MODIFY is the first clinical study in patients with FD to measure neuropathic pain as a primary endpoint, which uses an FDA-agreed PRO instrument to collect symptom information on a daily basis. Previously, neuropathic pain (or simply pain) has been assessed as a secondary or tertiary endpoint in most FD clinical studies, and only once as a primary endpoint in a single study [30]. There are various tools to assess general pain severity, which comprise non-specific questionnaires that have been developed and validated in other indications and include the BPI-SF [9,10], SF-36 [[11], [12], [13]], and the McGill pain questionnaire [14]. There are also questionnaires specific to FD (neuropathic pain symptom inventory [NPSI] [15] and the Fabry Pain Questionnaire [FPQ] [17,18]) but they are not suitable for use on a daily basis or to assess neuropathic pain as a primary endpoint in clinical studies. In line with guidance from The Committee for Medicinal Products for Human Use (CHMP) and the FDA, the “modified” BPI-SF3 is a unidimensional neuropathic pain scale that can be used in clinical studies assessing neuropathic pain as a primary efficacy endpoint in adult patients with FD. By providing a specific and adequate definition of neuropathic pain, it is expected that patients with FD will understand the concept in an accurate and intended manner. Furthermore, the “modified” BPI-SF3 is a tool that can be used on a daily basis using an electronic device.

GI symptoms in patients with FD can be episodic, alternating between diarrhea and periods of normal (and sometime reduced) bowel activity, and often mimic symptoms of FGID, such as IBS. Although the Gastrointestinal Symptom Rating Scale (GSRS), a PRO developed in other indications, has been previously used in FD studies, the recall period (7 days) is too long to capture symptoms that fluctuate on a daily basis [37]. The FABry Disease Patient-Reported Outcome-GastroIntestinal (FABPRO-GI) instrument was recently developed to specifically assess abdominal pain, diarrhea, and other GI symptoms in patients with FD but has, so far, not been evaluated in clinical trials [38]. Based on FDA advice to assess diarrhea and abdominal pain using PRO tools recommended by the FDA IBS guidelines [22], an NRS-11 to assess abdominal pain and the BSS to assess number and consistency of bowel movements were tested for use in patients with FD. Both tools were interpreted as intended by patients with FD, validating the use of these FDA-recommended tools to assess specific GI symptom endpoints in patients with FD.

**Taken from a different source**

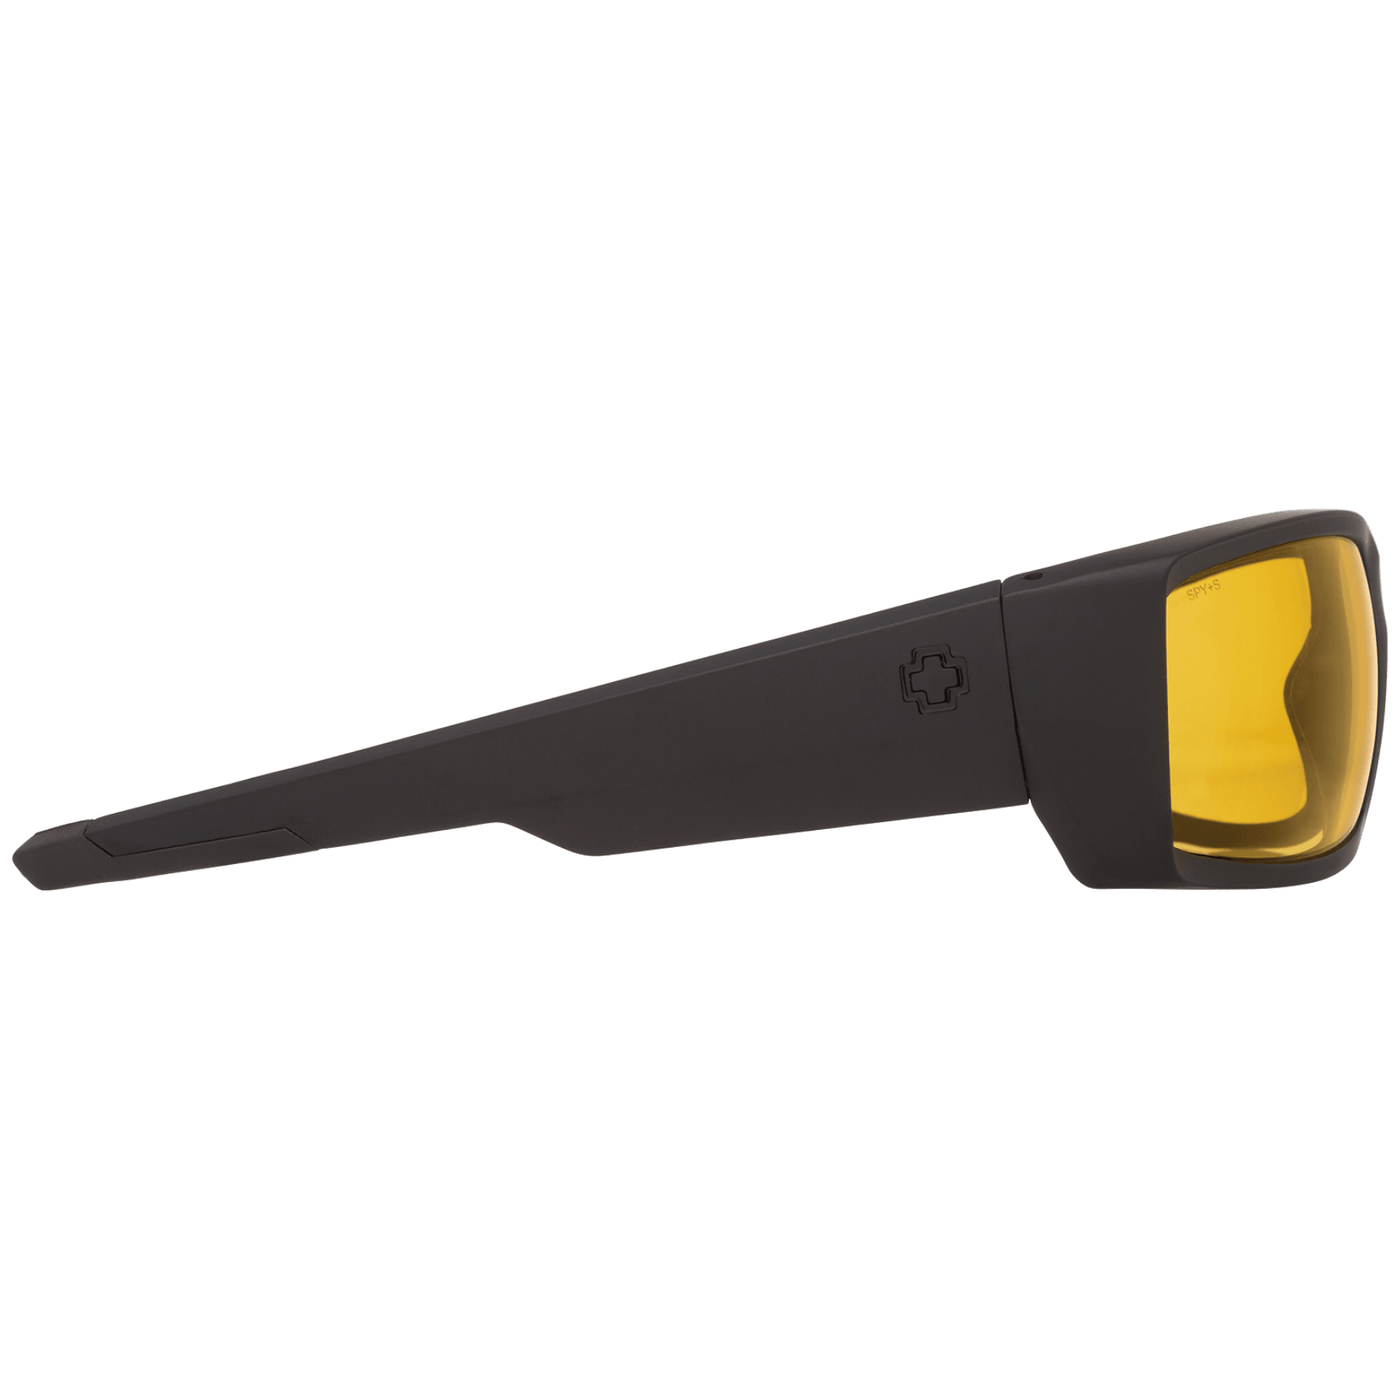 SPY GENERAL Sunglasses, ANSI Z87.1 - Yellow 8Lines Shop - Fast Shipping

The MODIFY study includes suitable and validated tools to assess primary and secondary endpoints for use in patients with FD, in line with health authority guidelines on endpoints in FD clinical studies. Study enrollment was completed in December 2020 with 118 patients randomized. Patients who complete MODIFY will have the option to enroll into an open-label extension study (NCT03737214), which will assess the long-term safety and tolerability of lucerastat, as well as the long-term effects on renal and cardiac function.

Funding source

The MODIFY study was supported by Idorsia Pharmaceuticals Ltd.